PROBLEM REQUIREMENTS: The needed output is the run of lines below from the one containing "Inside a cave" through the one containing "Zip back biker", copied exactly and free of pictures.

ENTRIES PROVIDED:
-------
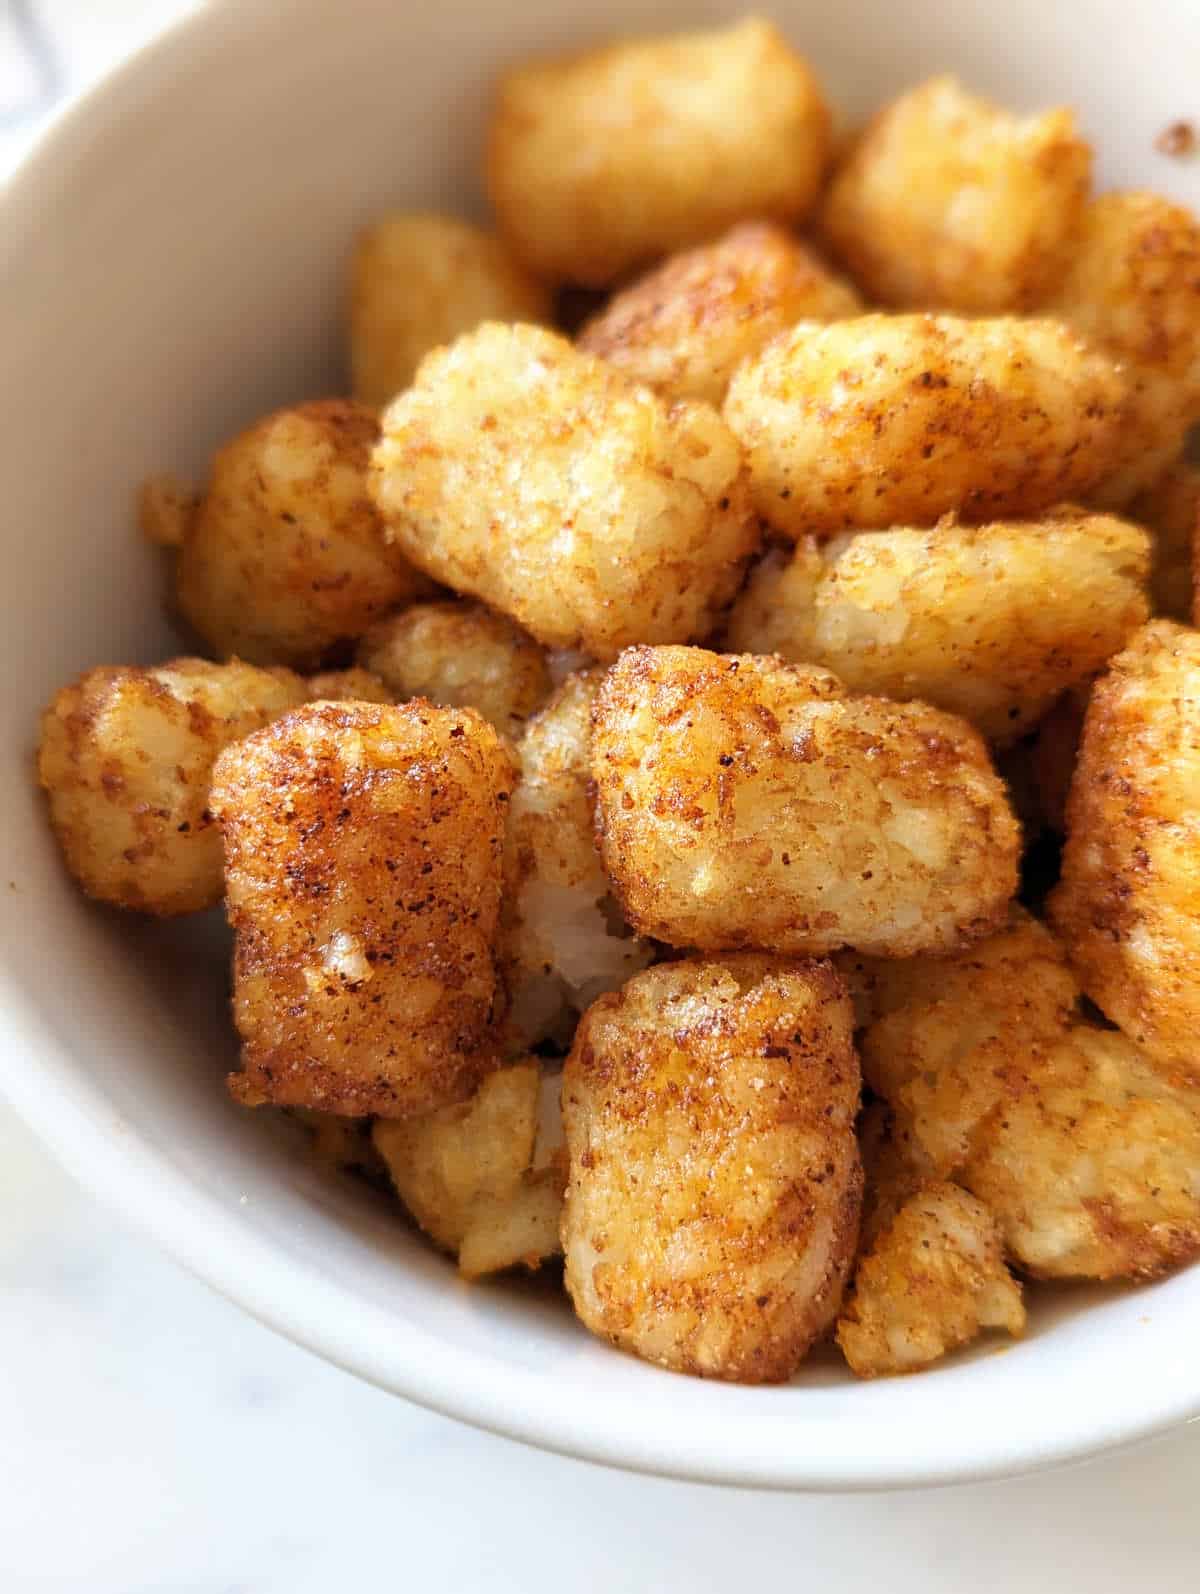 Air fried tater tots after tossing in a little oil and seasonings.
-------
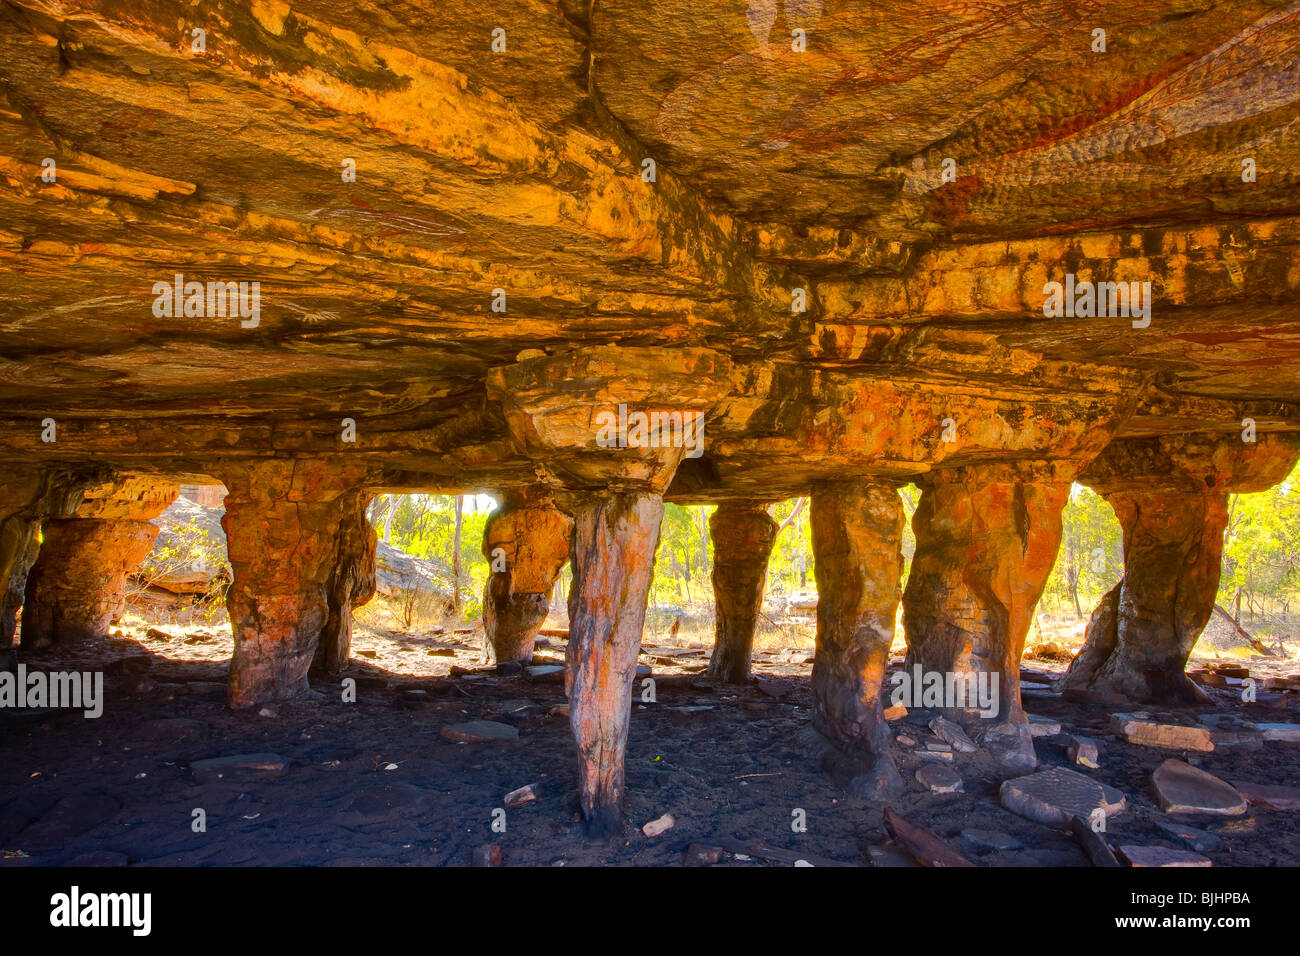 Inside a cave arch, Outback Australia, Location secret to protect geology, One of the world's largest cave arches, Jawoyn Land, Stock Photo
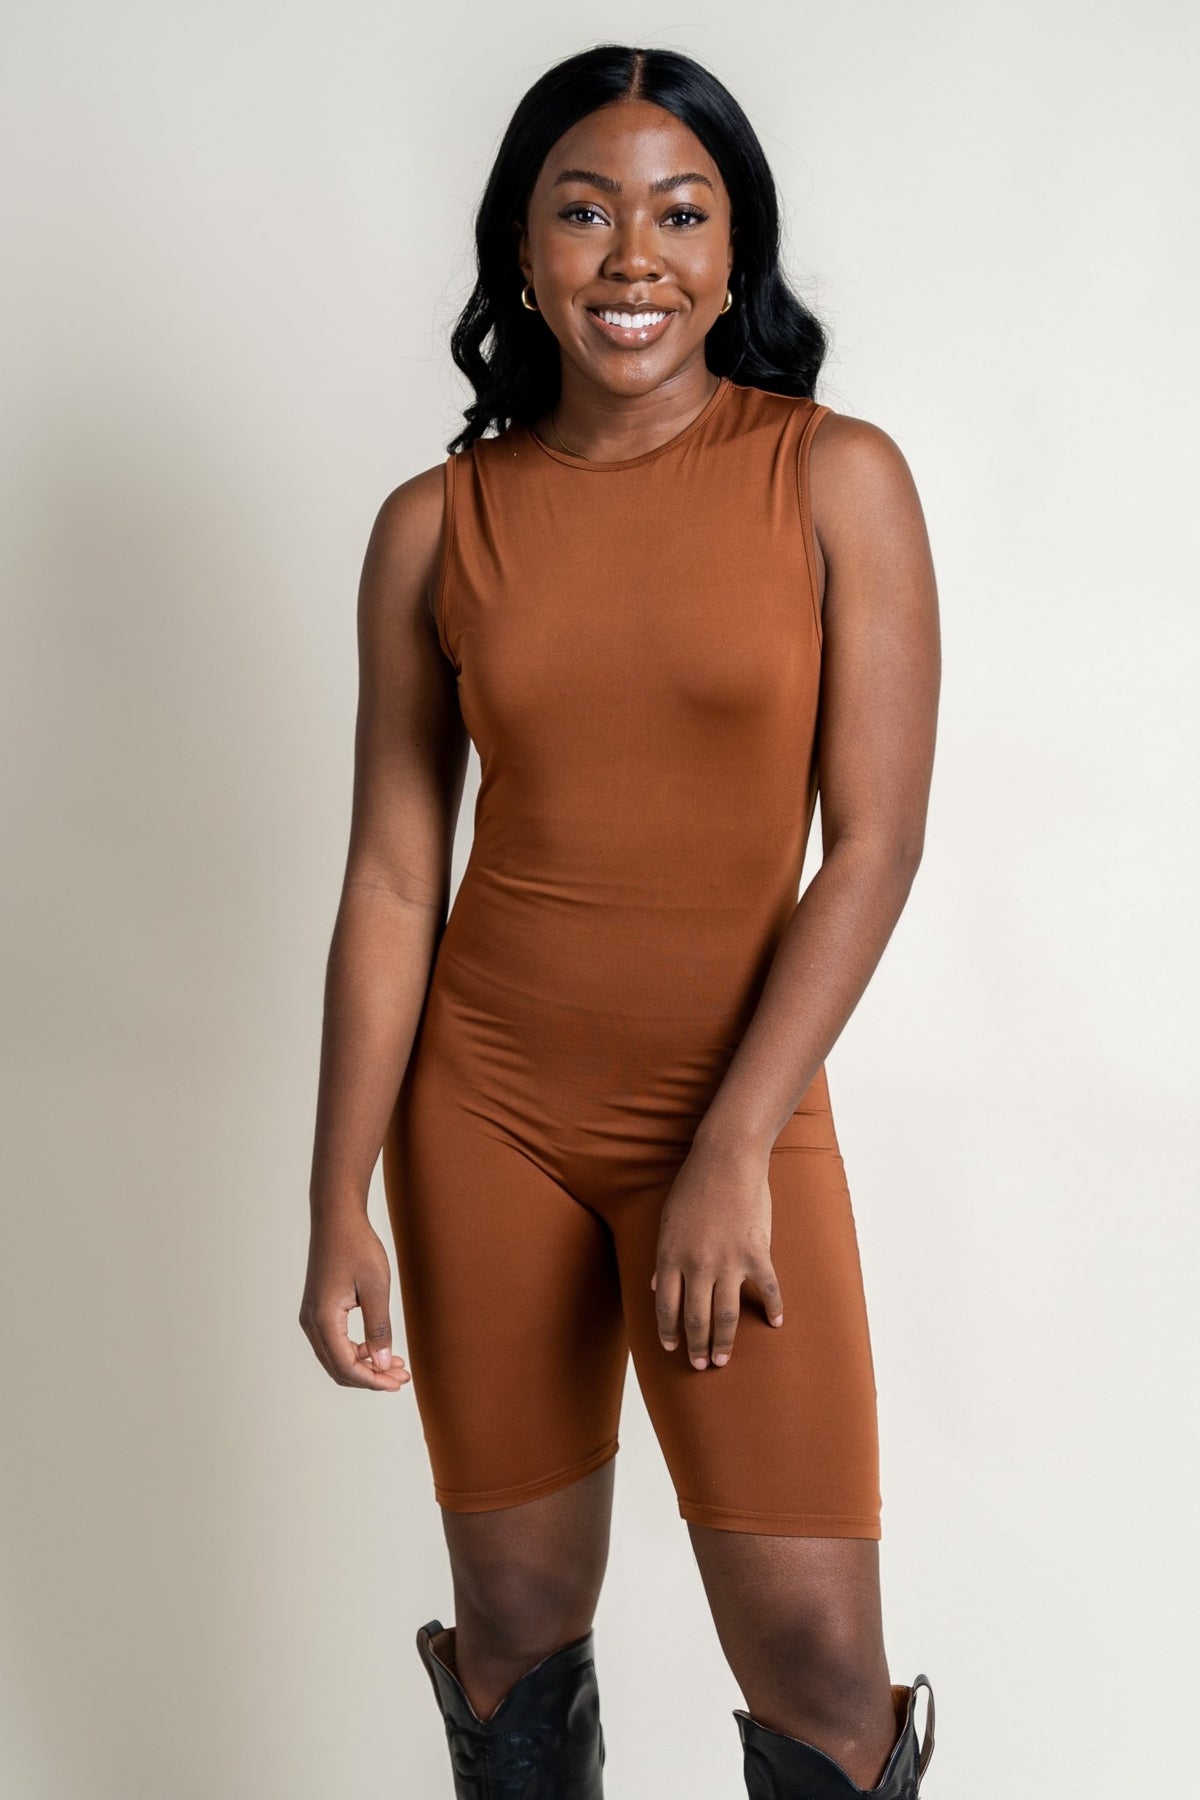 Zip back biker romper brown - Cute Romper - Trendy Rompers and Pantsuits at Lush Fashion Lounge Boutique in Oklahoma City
-------
TASK RESULT:
 Inside a cave arch, Outback Australia, Location secret to protect geology, One of the world's largest cave arches, Jawoyn Land, Stock Photo
 Zip back biker romper brown - Cute Romper - Trendy Rompers and Pantsuits at Lush Fashion Lounge Boutique in Oklahoma City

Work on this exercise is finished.